4. The Berkeley school board is considering a plan to build teacher housing in the city, reports Natalie Orenstein of Berkeleyside. The board may decide to put a bond measure on the 2018 or 2020 ballot to finance the construction of workforce housing for teachers. The skyrocketing costs of housing in the region have made it difficult for school districts to attract and retain teachers.

5. The city of Oakland and PG&E are proposing to transform an old power plant in the Jack London district into a solar powered facility, reports David R. Baker of the San Francisco Chronicle$. The 40-year-old plant runs on jet fuel and is used just a few times a year to help meet electricity demand in the downtown area.
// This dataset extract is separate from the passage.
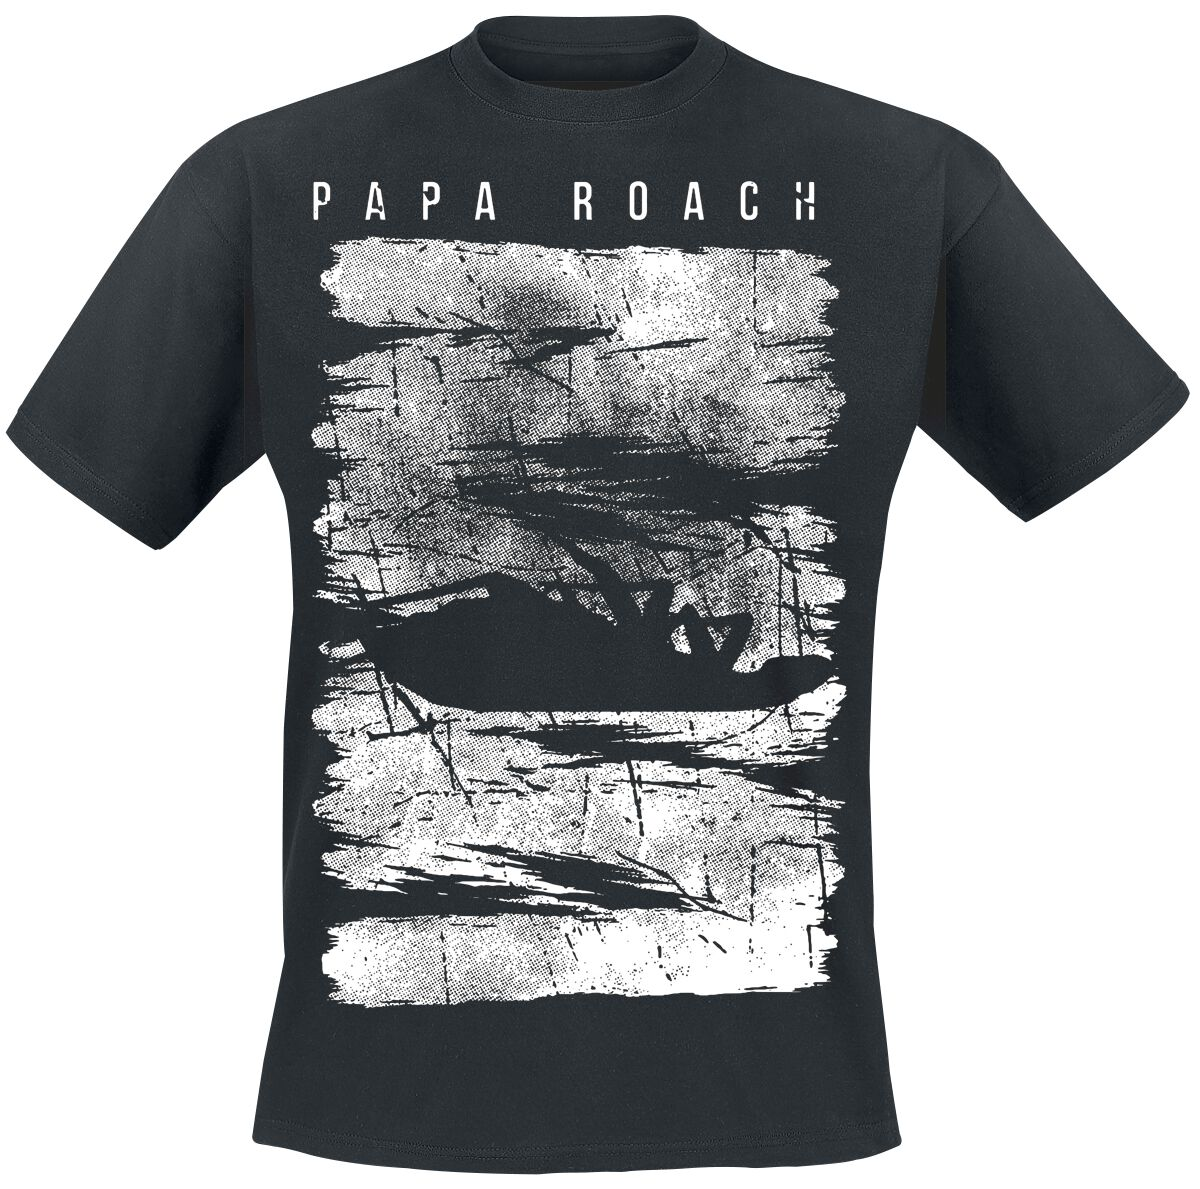 Zespoły - Koszulki - T-Shirt Papa Roach Distress T-Shirt czarny - 354354

6. Wildfires, fueled by strong winds, are continuing to rage in Southern California with the most recent blaze destroying homes and tearing through brush near the Getty Museum in Los Angeles, the LA Times$ reports. The big Thomas Fire in Ventura County, meanwhile, jumped Highway 101 and reached the Pacific Ocean, burning 65,000 acres.

7. About 3,000 city of Oakland workers went on strike for a second day today, as libraries, recreation centers, and Head Start programs remained closed, the San Francisco Chronicle reports. The employees rejected the city’s offer of a 4 percent raise.

8. And 16 Democratic U.S. senators, including Kamala Harris of California, have called on Sen. Al Franken, D-Minn., to resign following new allegations that he sexually harassed a woman in 2006, CNN reports. Franken said he plans to make an announcement tomorrow.

$ = news stories that may require payment to read.